На мать было жутко смотреть — так исказилось от гнева и горя ее худое лицо. Вдруг она залилась краской стыда, словно опалившей ее внутренним огнем, и, содрогаясь от рыданий, убежала в спальню. Отец отшатнулся, будто увидел привидение, и прижался спиной к стене, вытянув вперед руки… Его глаза за стеклами очков расширились от страха… Он весь как-то сгорбился по-стариковски и медленно потащился вслед за матерью…
Тетя, зять, Ганс и Грета печально стояли вокруг празднично накрытого стола и молчали. Мужчины курили, а женщины делали вид, что им нужно что-то подправить на елке и на столике, заваленном подарками; в печке тихонько потрескивали дрова, в комнате царил приятный полумрак. После утомительной суеты этого дня, стоя возле стола, уставленного вкусной едой, все почувствовали, что хотят есть.

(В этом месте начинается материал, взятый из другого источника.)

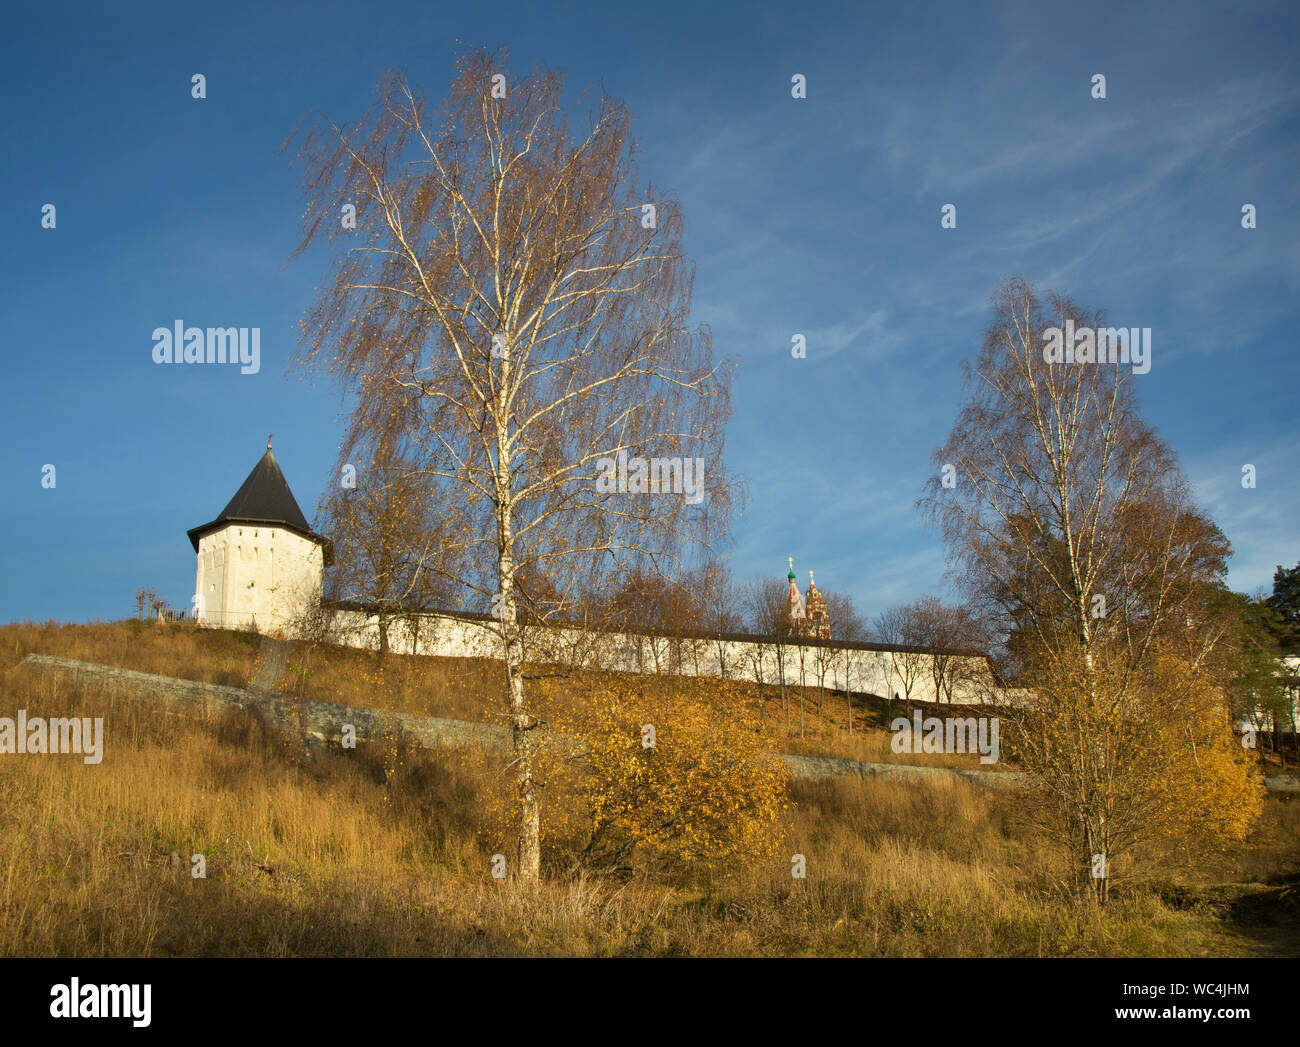 Savvino-Storozhevsky monastery (Storozhi monastery of St. Savva). Zvenigorod. Russia Stock Photo

Резкий телефонный звонок прозвучал почти как сигнал спасения. Ганс бросился к двери, но мать его опередила: он услышал ее голос, счастливый и взволнованный: «Кристоф?» И сквозь щель неплотно прикрытой двери он увидел ее пылающее лицо, потом закрыл дверь и улыбнулся — первый раз за много месяцев.
8
Кристоф, лежа плашмя на холодной, промерзшей земле, смотрел на эти огромные бессмысленные здания с позиции червяка; он промок от пота и дрожал от холода, а ноги были так натружены и разбиты, что он не мог ими шевельнуть; словно обезумев от страха, его отделение металось вокруг, как стая вспугнутых птиц, старающихся прижаться к земле и иногда взмахивающих крыльями. Из брызжущего слюной рта унтер-офицера пулеметными очередями выстреливали команды «Ложись! Встать! Бегом марш!» с такой скоростью, что Кристоф не то что вскочить, он вообще не успевал встать во весь рост и лишь время от времени немного приподнимался. Даже ледяной холод, пронизывавший тело, не мог заставить его выполнить команду, так сильно он был измочален. С удивительным спокойствием он наблюдал за унтер-офицером Мирглером, разыгрывавшим перед ними свой «дебют». Любая мелочь, неправильно выполненная команда приводили его в бешенство, и на смазливом лице появлялось выражение яростного гнева, который тут же обрушивался на голову провинившегося; почти час он муштровал солдат здесь, за конюшнями…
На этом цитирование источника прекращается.